Заценил, какое старьё на линии? – сказал Корытину Серёга в первый день знакомства. – Мы его уже списанным ставили, и ничего, дышит маленько, хоть и ржавое. Тут половина всего, – обвёл он рукой заводское помещение, – или списанное, или которое мы с Гоги по ночам тырили.

Экономный человек хозяин? – аккуратно спросил Корытин.

Жмот, – ответил Серёга.

Подёнщики, а в основном подёнщицы, жители прилегавших к территории бывшего комбината кварталов частного сектора, ветхих двухэтажных бараков и хрущёвок, сразу после остановки разливочной линии, получив расчёт, уходили домой, а Корытин со слесарями готовил оборудование к завтрашнему дню, смазывал, регулировал, проверял и снова регулировал. Закончив работу, они шли через закоулки бывшего комбината к остановке общественного транспорта, конечной для нескольких троллейбусных и автобусных маршрутов.
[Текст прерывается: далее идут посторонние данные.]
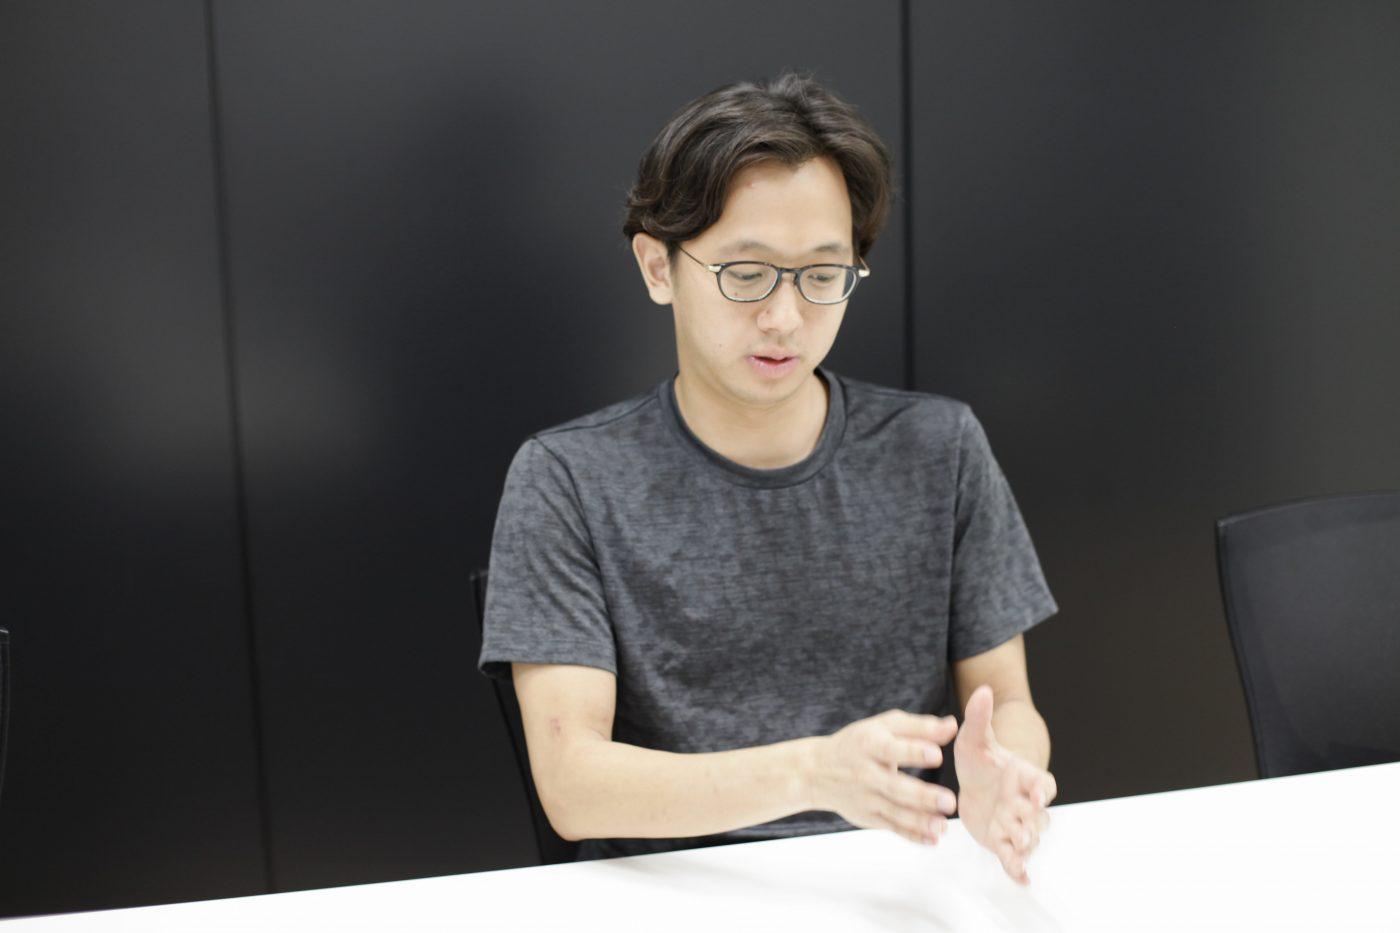 振り返ると、Azitの創業は2013年。吉兼氏が大学3年生の頃だ。ところが、現在のチームとして動いた最初の経験は大学1年生の頃まで遡る。きっかけは、大学の友人に誘われて出場したビジネスコンテストだった。

У выхода с территории, рядом с остановкой, стоял небольшой магазин, который Георгий Давидович именовал фирменным, а Серёга – «наша забегаловка». Они разъезжались по домам, чтобы утром снова сойтись у «забегаловки» и дойти через закоулки до проходной, где уже занимали очередь подёнщики и подёнщицы. Переодевались и начинали запускать оборудование на холостом ходу. Ближе к девяти кто-нибудь из хозяйских земляков выходил за проходную и отбирал людей на сегодняшний день, иногда по установленной ими очереди, но чаще по собственному усмотрению. Остальным говорил: «Приходите завтра», а мог и молча уйти на территорию. По линии начинала двигаться «Сибирская», «Хвойная особая», «Таёжный настой» или ещё что-нибудь, Корытин и Серёга ходили вдоль линии, готовые в любой момент отреагировать на её остановку, грузчики подкатывали штабеля пустых бутылок или загружали готовой продукцией «газели», а хозяйские земляки наблюдали за происходящим с окружающих разливочный цех антресолей.

 

Ирину притянули таинские театры, состязавшиеся в привлекательности репертуара. «Как хорошо, что мы снова здесь», – радовалась она, и её радость скрашивала Алексею будни у водочной линии. Корытины возобновили знакомство с Костей Кольцовым и его женой Ларисой, но дальше пары семейных встреч дело не продвинулось. То ли Ларисе показалось, что её Костя как-то особенно смотрит на Ирину, то ли Ирине показалось, что Лариса так решила, но Ира сказала мужу: «Ты с ним дружишь, ты и дружи». По выходным они ездили в Хвойный, или Анечка с мужем и дочерями приезжали к ним. Всё было хорошо, и только оставшиеся после переезда и обустройства деньги подходили к концу. Шёл второй месяц работы Корытина на заводе, и однажды он поинтересовался у бухгалтера:

Елена Васильевна, когда зарплату ждать?

Спрашивайте у директора, – ответила та, – когда скажет, тогда и выдам.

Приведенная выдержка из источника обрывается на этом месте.